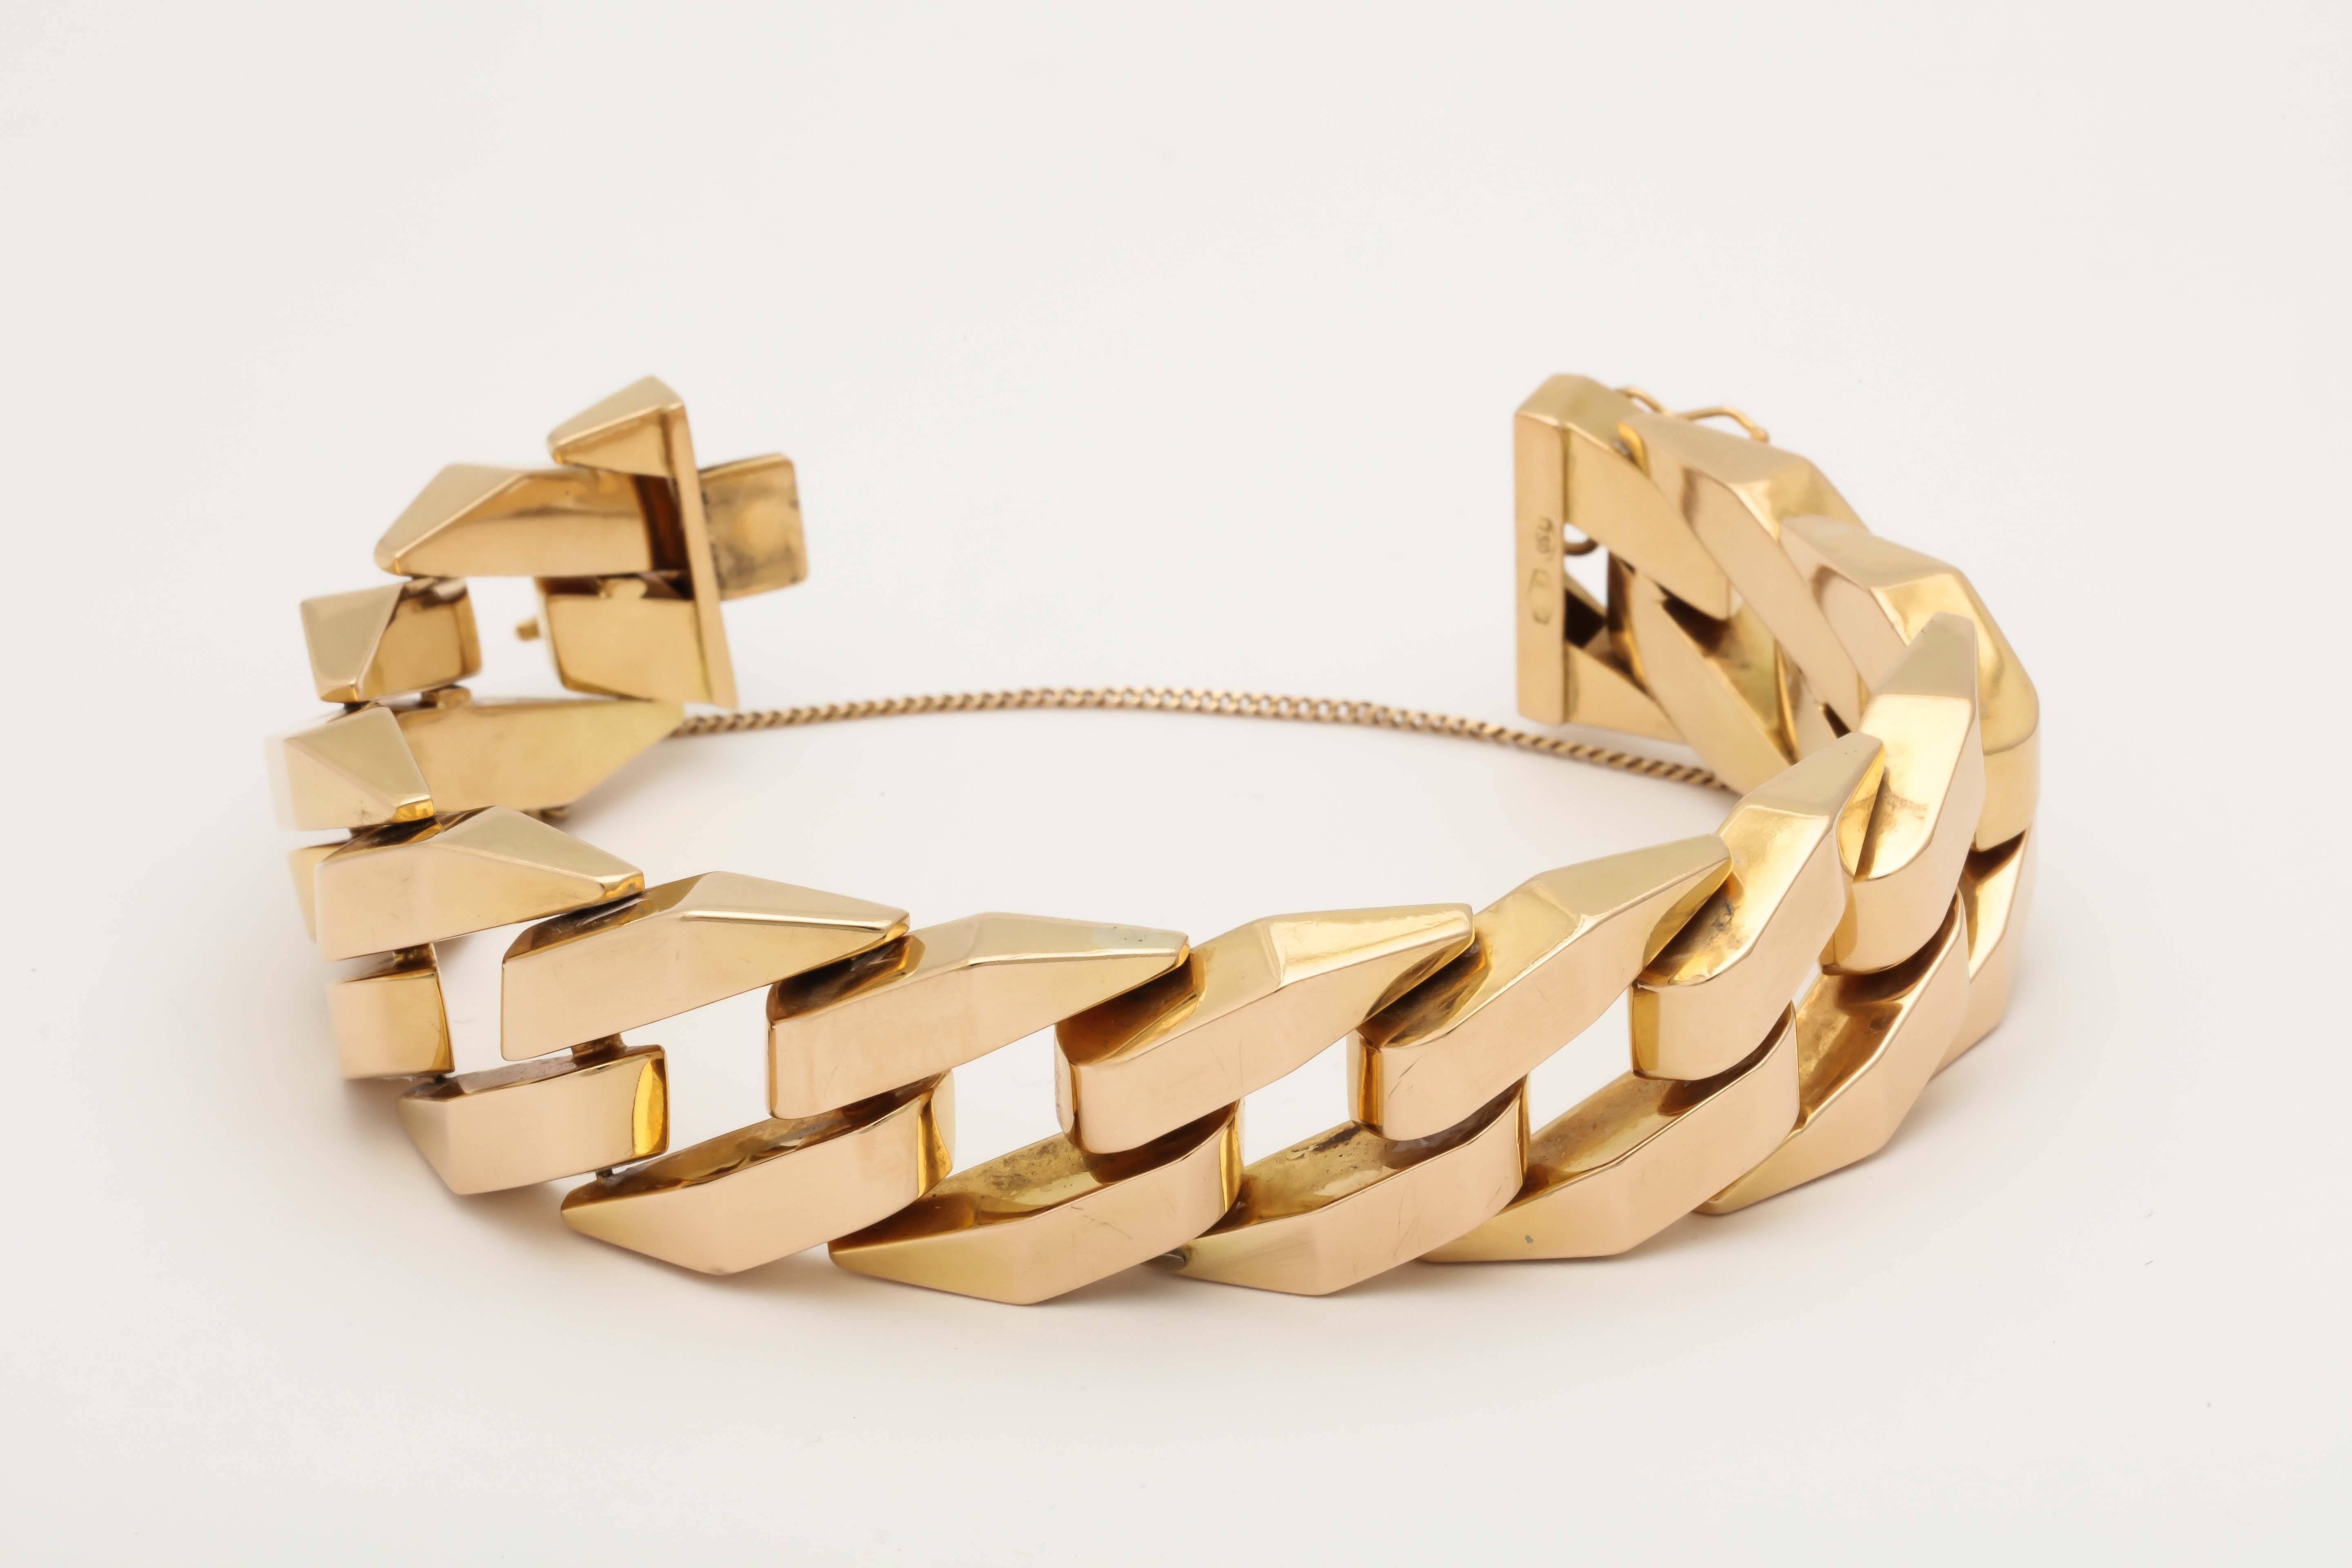 18kt Gold High Polish Open Link Bracelet Consisting Of !2 interlocking Jagged Links Measuring 7 inches Long. Italian Made In The 1960's. Made With 2 Figure 8 Safety Mechanisms And One Safety Chain For Extra Security.
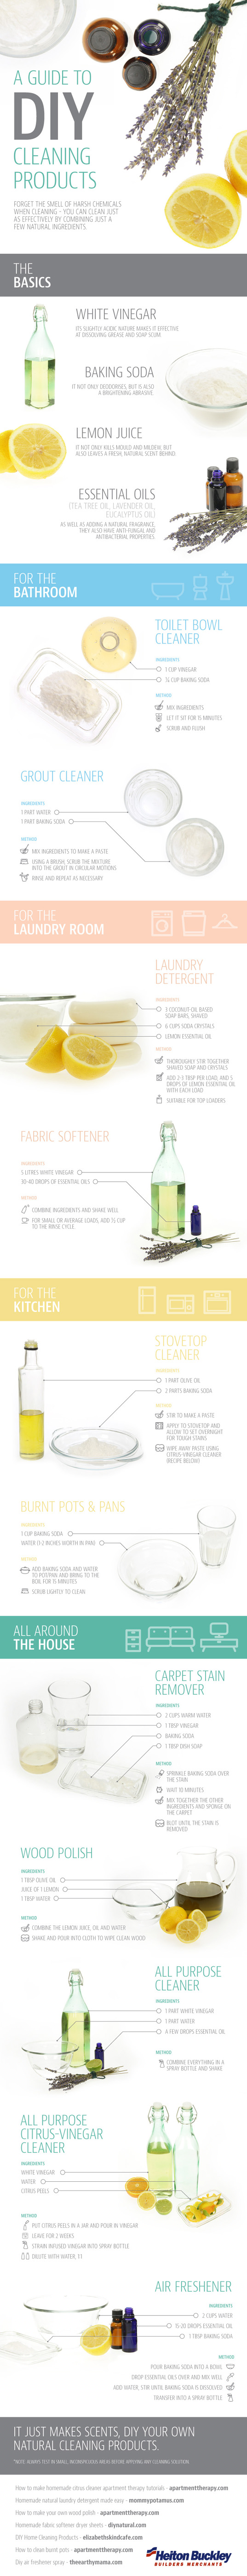 infographic a guide to natural cleaning diy products
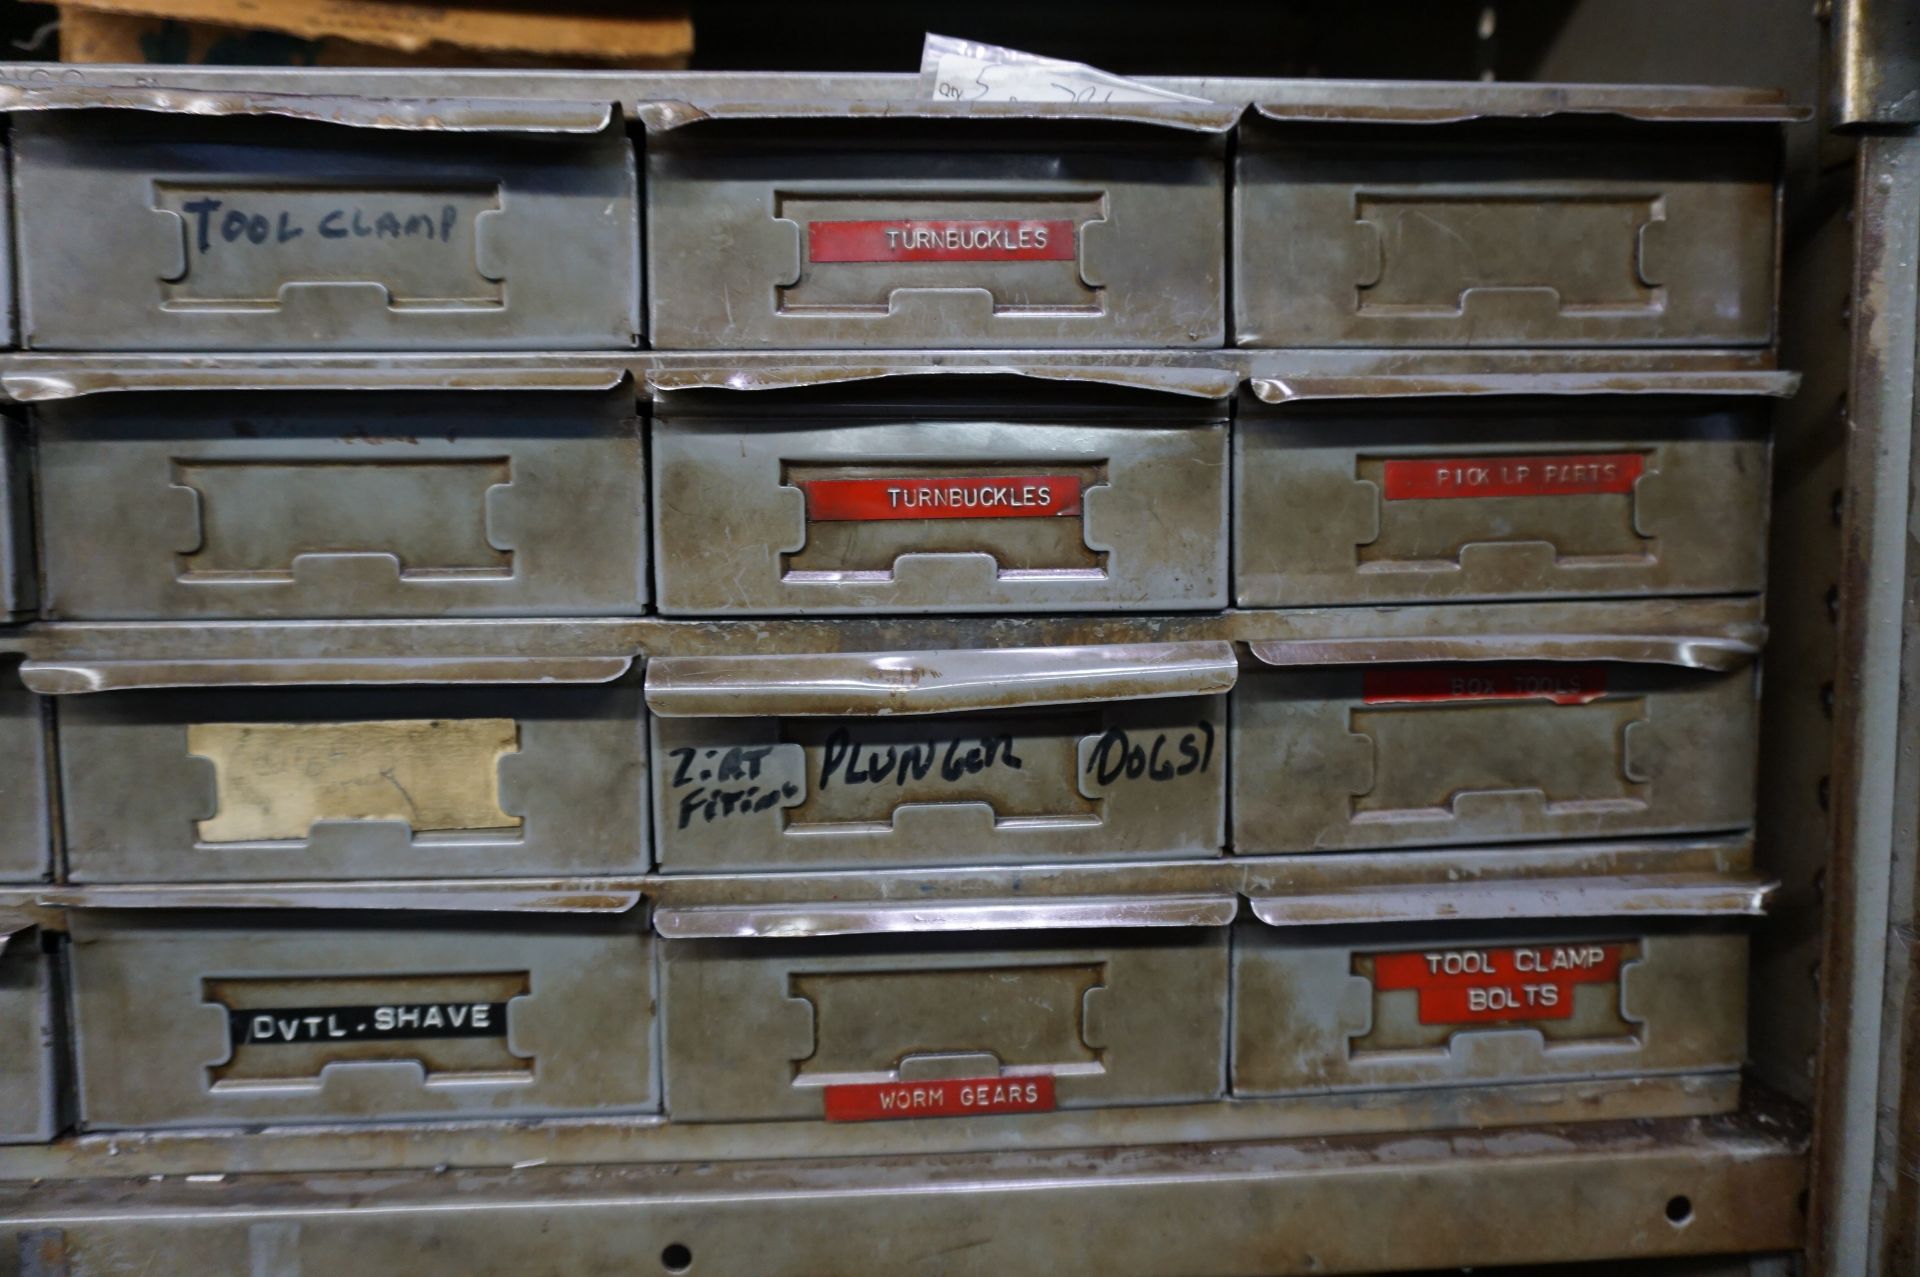 LOT TO INCLUDE: (2) STEEL SHOP CABINETS WITH MISC. HARDWARE - SHAVES, PINS, ROLLS, CLAMPS, BUS BARS, - Image 10 of 24
· · · · ·
WORK ITEM: Exclude every picture and restate the listing word for word.

FINAL ANSWER:
 18kt Gold High Polish Open Link Bracelet Consisting Of !2 interlocking Jagged Links Measuring 7 inches Long. Italian Made In The 1960's. Made With 2 Figure 8 Safety Mechanisms And One Safety Chain For Extra Security.
 infographic a guide to natural cleaning diy products
 LOT TO INCLUDE: (2) STEEL SHOP CABINETS WITH MISC. HARDWARE - SHAVES, PINS, ROLLS, CLAMPS, BUS BARS, - Image 10 of 24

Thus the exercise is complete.